Читаем Колымские рассказы полностью

Человек на передней скамье вдруг выдернул оба весла из воды и с шумом бросил их на дно лодки. Он, очевидно, хотел сосредоточить все свои силы для этого разговора и не мог ограничиться минутной остановкой, как прежде.

— Я не виноват! — горячо заговорил он. — Таков закон природы. Любовь — это высшее, что на земле дано вкусить человеку. Кто не знал любви, тот не имеет права сказать, что он жил на свете. Любовь — это выше всего, она стоит впереди всего…

Он вдруг спутался, не находя слов для дальнейшего выражения своей мысли.

— А после любви что стоит? — спросила молодая девушка, поддразнивая.

Но у гребца, очевидно, были приготовлены ответы на все вопросы.

— После любви — слава! — сказал он без малейшего колебания.

Девушка посмотрела на него с удивлением. Она не ожидала такого ответа.

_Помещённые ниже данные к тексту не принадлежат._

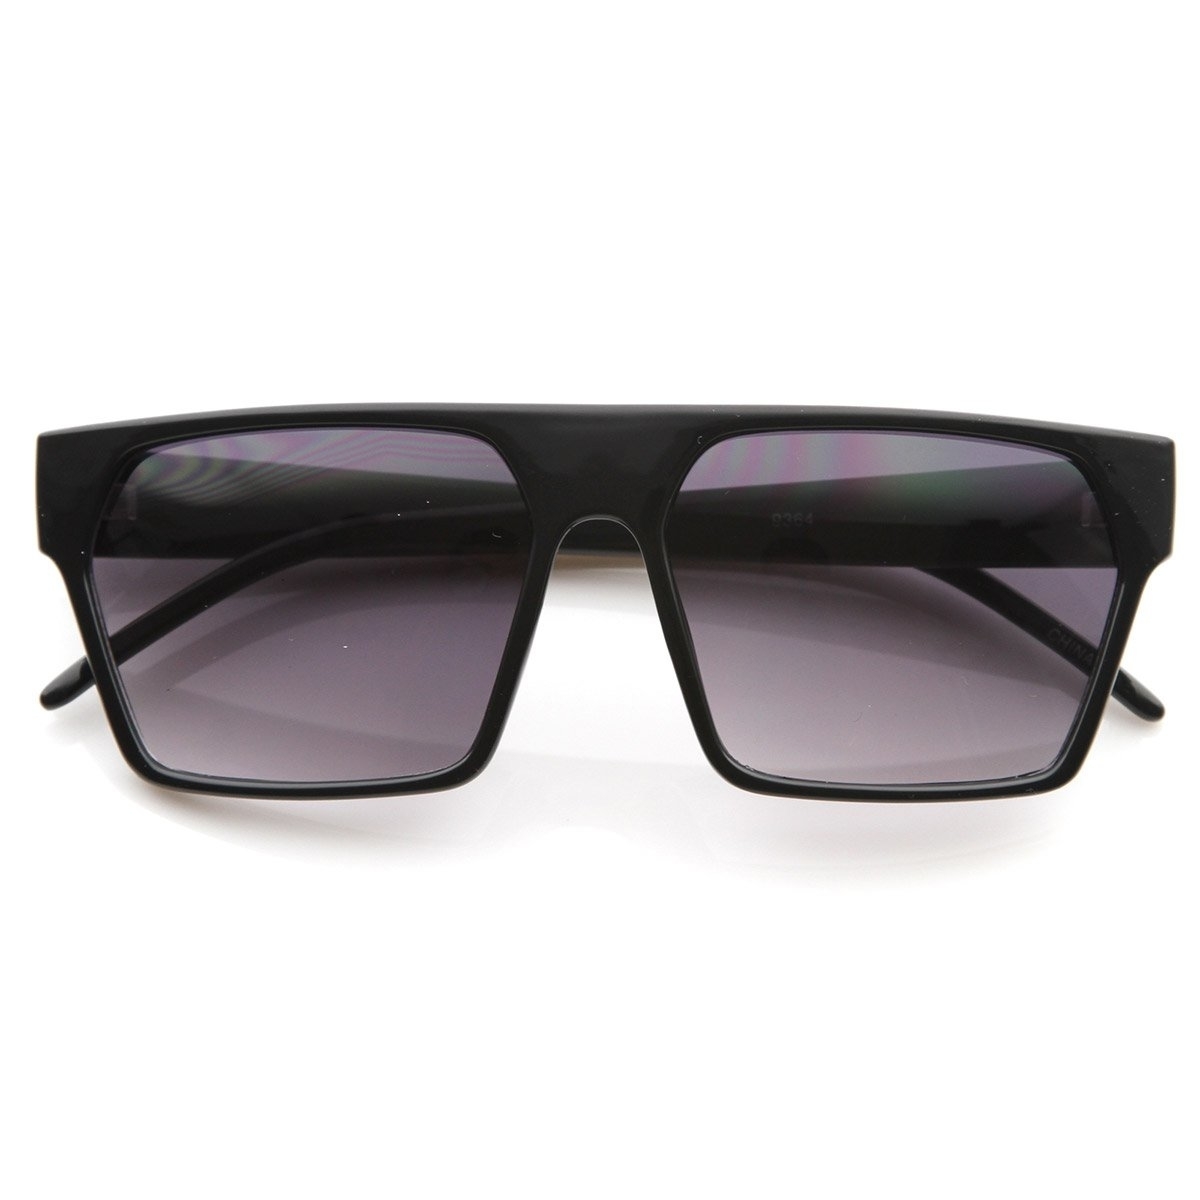 Designer Inspired Triangular Shaped Frame Flat Top Aviator Sunglasses - Matte Tortoise

— Не говорите! — быстро продолжал ее собеседник. — Я знаю, что вы хотите сказать. Конечно, десять лет назад я бы ответил иначе. На первое место я бы поставил сознание долга к ближнему, самоотвержение и тому подобные вещи.

— А теперь вы разве не цените этого, Рыбковский? — сказала молодая девушка почти строго. Голос ее звучал упреком.

— Я не говорил этого! — несколько смещался ее собеседник. — Но теперь мы находимся не в том положении, мы живем сами по себе… От того, что было когда-то, мы отрезаны такой непреодолимой преградой, как будто его вовсе не было.

— Ну, так что же? — спросила девушка.

— Марья Николаевна, — сказал человек на веслах, — слава — эти след, который человек оставляет за собой на земле. Знаете ли вы, как тяжело еще заживо погрузиться в бездну, оторваться от всех человеческих интересов и сознавать, что на широком свете имя твое забыто и след твой исчез так всецело, как будто бы ты уже был призраком.

— Молчите, я не хочу вас слушать! — сказала девушка. — Вы сами забываете, а вам кажется, что вас забывают другие. Если кто сделал хоть крупицу доброго или смелого или полезного, — это никогда не исчезнет бесследно.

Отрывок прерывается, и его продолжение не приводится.